A bipartisan Senate duo introduced legislation Tuesday to allow Supplemental Security Income recipients to amass greater savings and still qualify for benefits.
The bill sponsored by Sens. Sherrod Brown, D-Ohio, and Bill Cassidy, R-La., would raise financial savings limits for the first time in decades. The current limits have left low-income elderly, blind and disabled people unable to save for emergencies without losing benefits that provide a financial lifeline, lawmakers said.
“Americans receiving Supplemental Security Income are being victimized by a bunch of government rules from yesteryear,” said Senate Finance Chair Ron Wyden, D-Ore., who is backing the bill and attended a news conference to introduce the measure. “The fact is these are rules that have not kept up with the times.”
The program provides monthly cash benefits to an estimated 7.5 million elderly, blind and disabled people who have limited income and financial resources. The average benefit in February was $675, according to the Congressional Research Service.
But to remain eligible, recipients can’t earn or save more than specified limits, which have remained the same since 1989. The bill would raise the savings limit for individuals from $2,000 to $10,000. The limit for married couples would be raised from $3,000 to $20,000. The limits would also be adjusted for inflation after 2023.
“Arbitrary and outdated restrictions prevent these Americans from saving money for emergencies and they punish people who want to do the right thing and save money,” said Brown, who introduced his bill flanked by a broad coalition of social service and business representatives, including AARP, the National Association of Evangelicals, JP Morgan Chase & Co. and Microsoft Corp.
“It’s the largest, broadest coalition in 40 years to reform these outdated rules,” Brown said. Reps. Brian Higgins, D-N.Y., and Brian Fitzpatrick, R-Pa., were expected to introduce companion legislation in the House.
Current benefits cost over $5 billion per month; in fiscal 2022, including administrative spending total program costs were about $65.5 billion, the CRS said.

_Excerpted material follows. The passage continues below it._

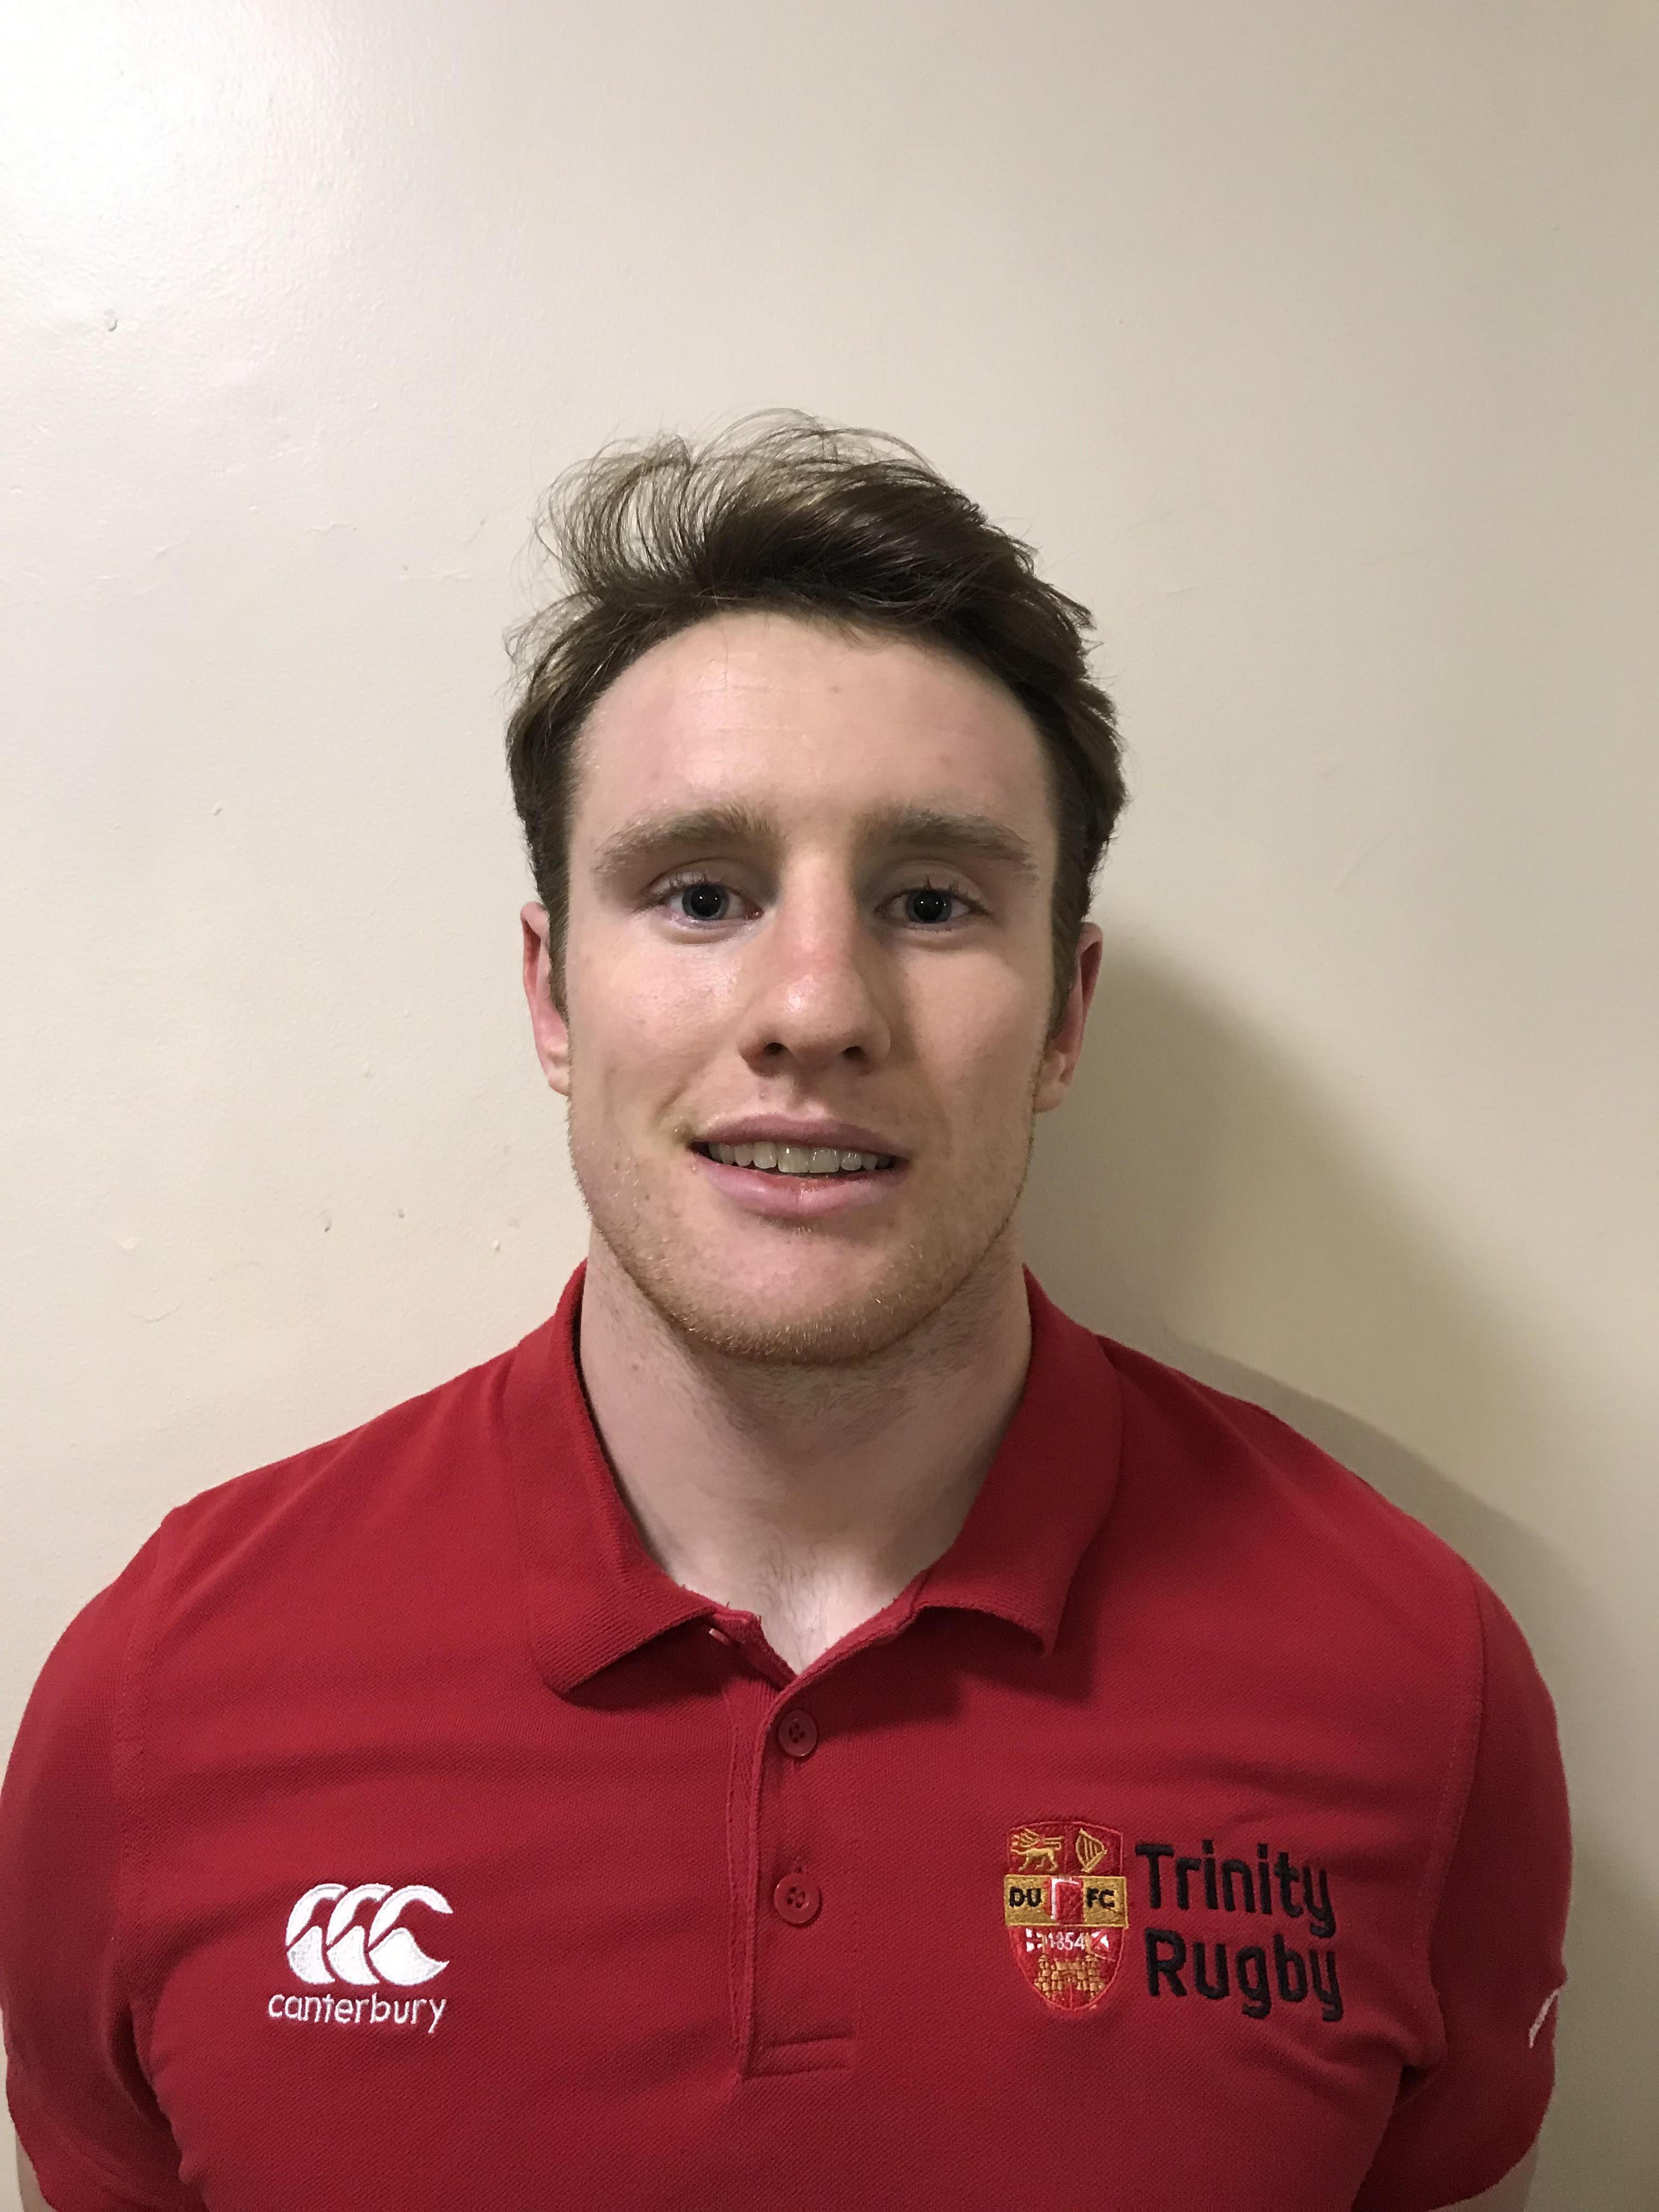 McKeown - Dublin University Football Club - Trinity Rugby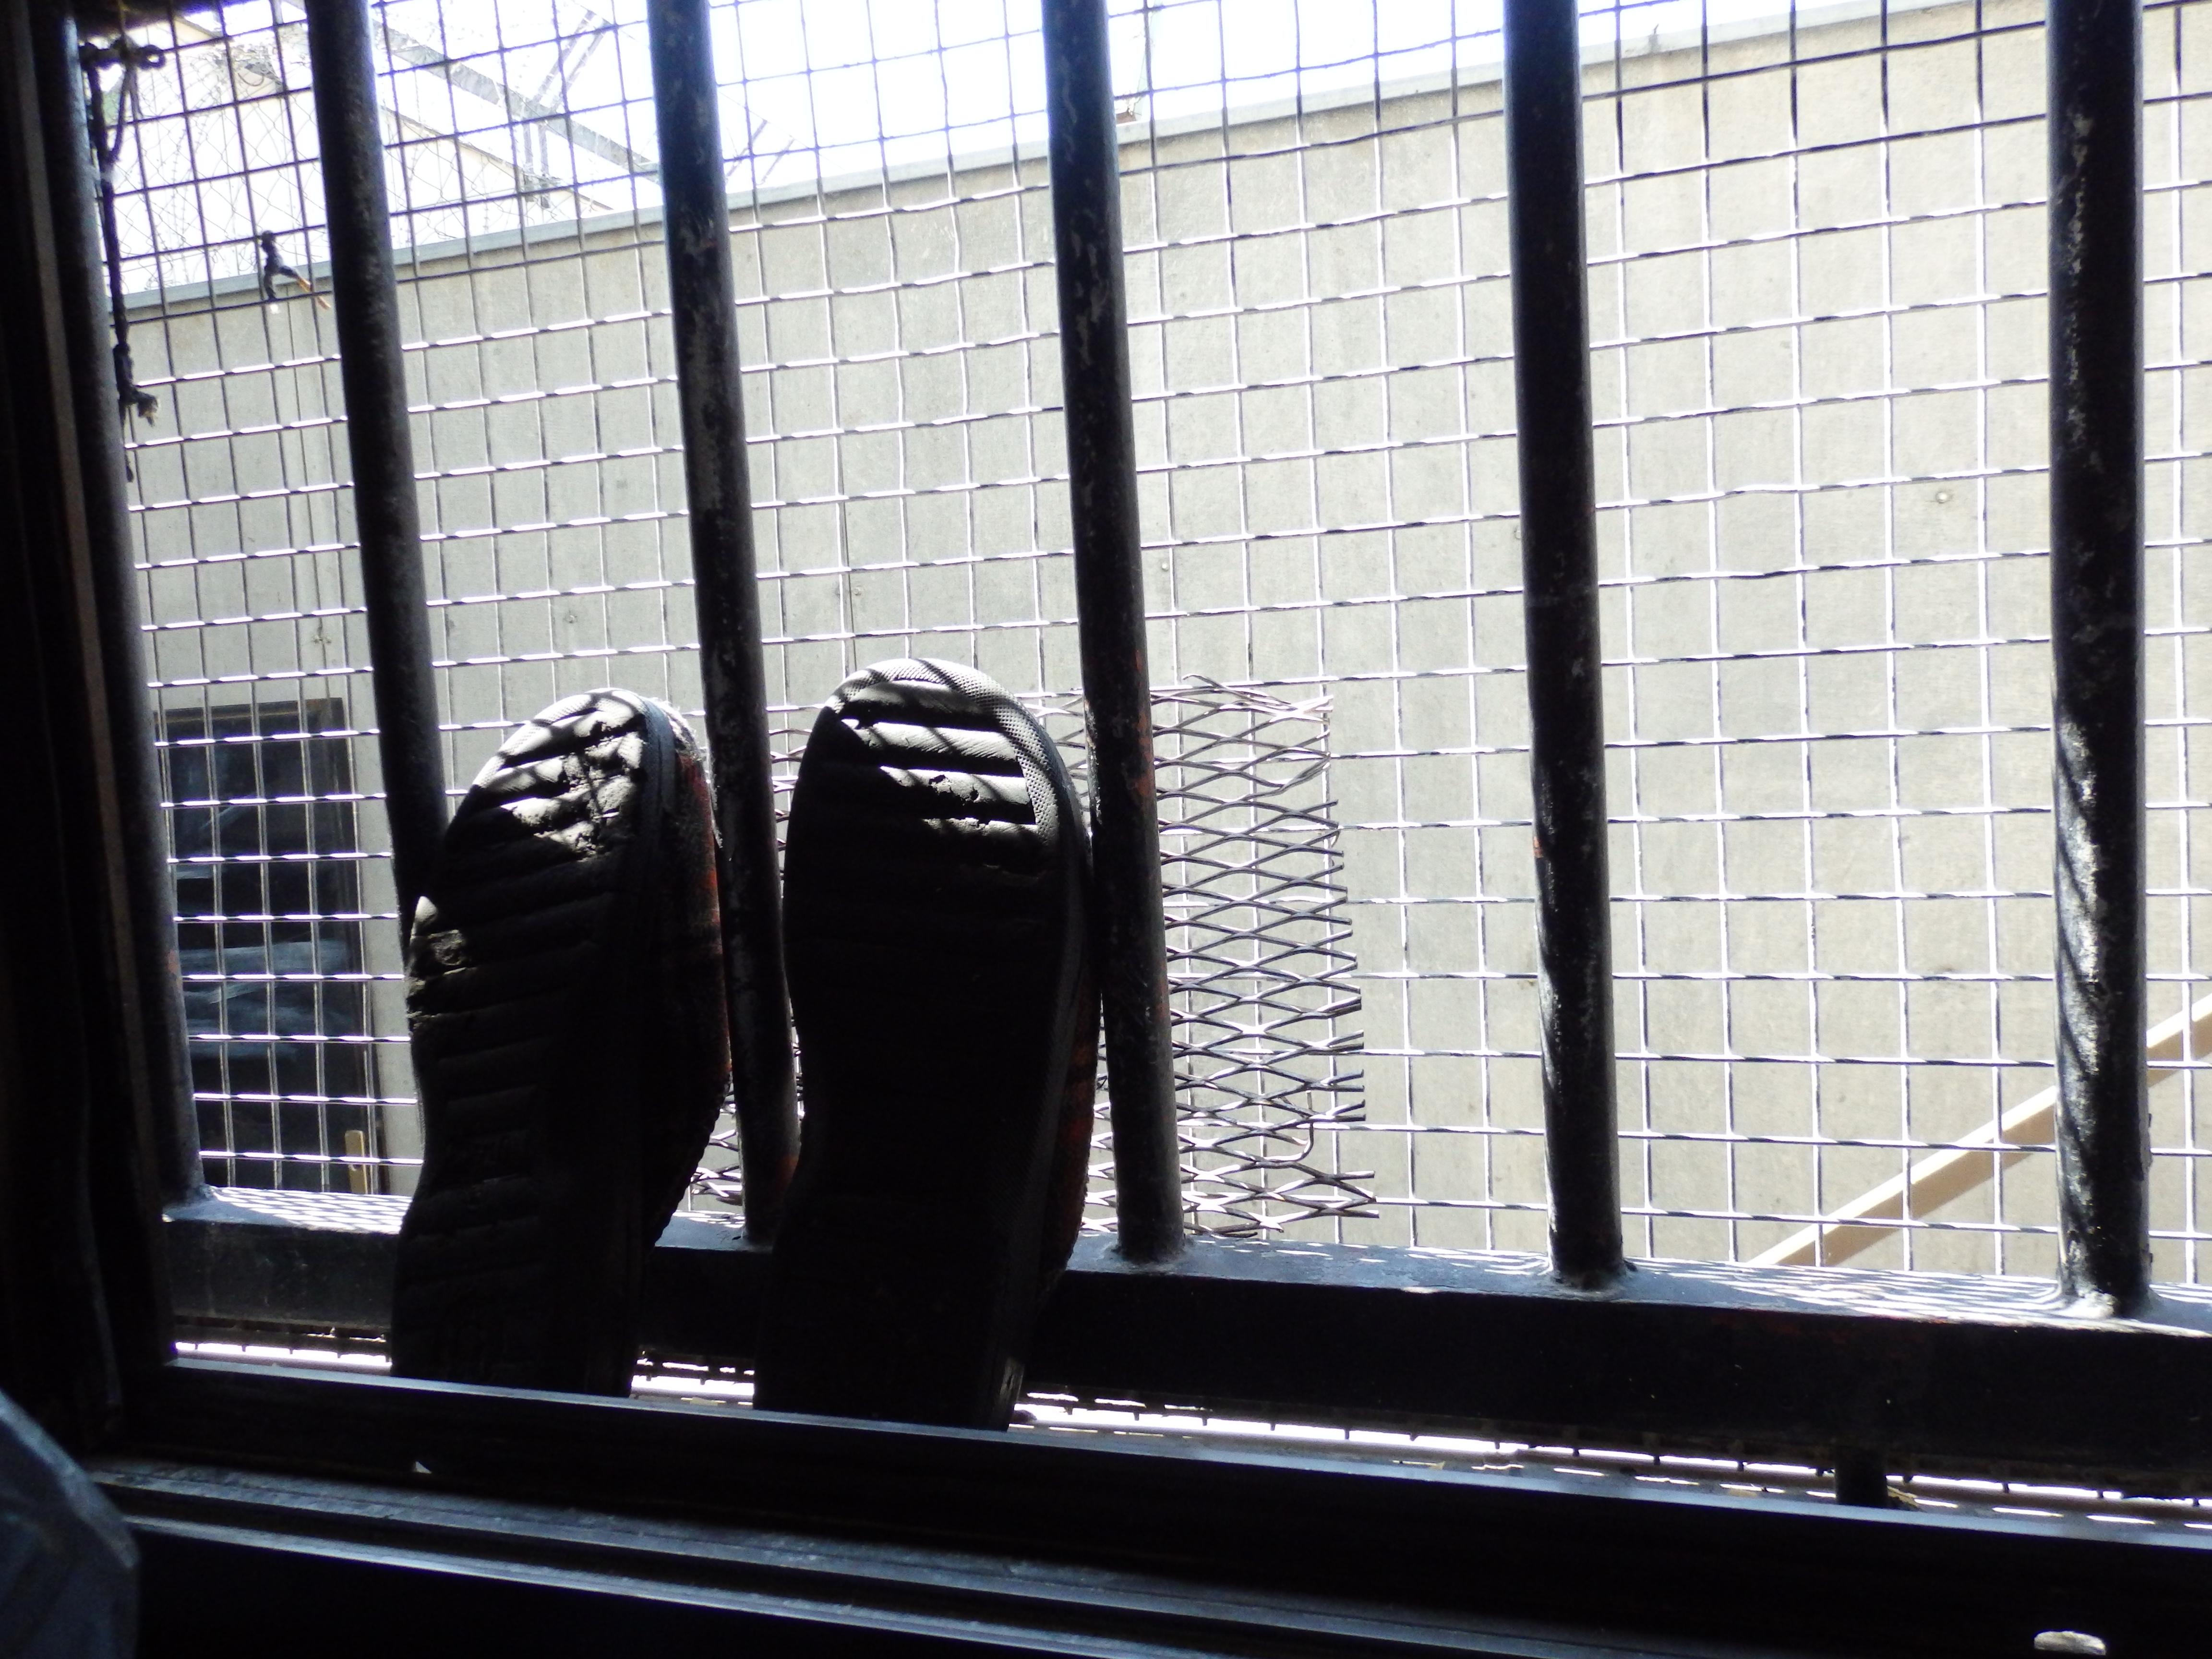 Posjet Zatvor Split lipanj 2015 3

Expanding benefits as envisioned in the Brown-Cassidy bill is expected to cost about $10 billion over 10 years, said Bill Hoagland, senior vice president of the Bipartisan Policy Center, which is backing the measure.
“While I’m concerned about the level of debt, SSI recipients — the disabled, the blind — they’re not responsible for this level of debt,” Hoagland said, adding that senators “will find a way to offset this cost.”
Brown, who is facing one of the toughest reelection campaigns among his colleagues in 2024, said he planned to attach the measure to some form of end-of-the-year, must-pass legislation.
“It’s a perfect kind of thing to do,” Brown said. “I assume we’ll have the leaders in both houses and both parties on board.”
Wyden likewise promised action this year, beginning with the Finance Committee. “As chairman of the committee, we are going to do everything we can to pass this bill,” he said. “We’re going to look at every possible vehicle that moves through the Senate.”
Rylin Rodgers, disability policy adviser for Microsoft Corp., said her company supports the bill because of a commitment to closing the “disability divide,” or the gap in employment rates between those with and without disabilities.
“We came to this commitment because we have so benefited from the talent and perspective of disabled folks as part of our employment and as part of our supply chain,” she said in an interview. “It makes us a better company and makes our products better.”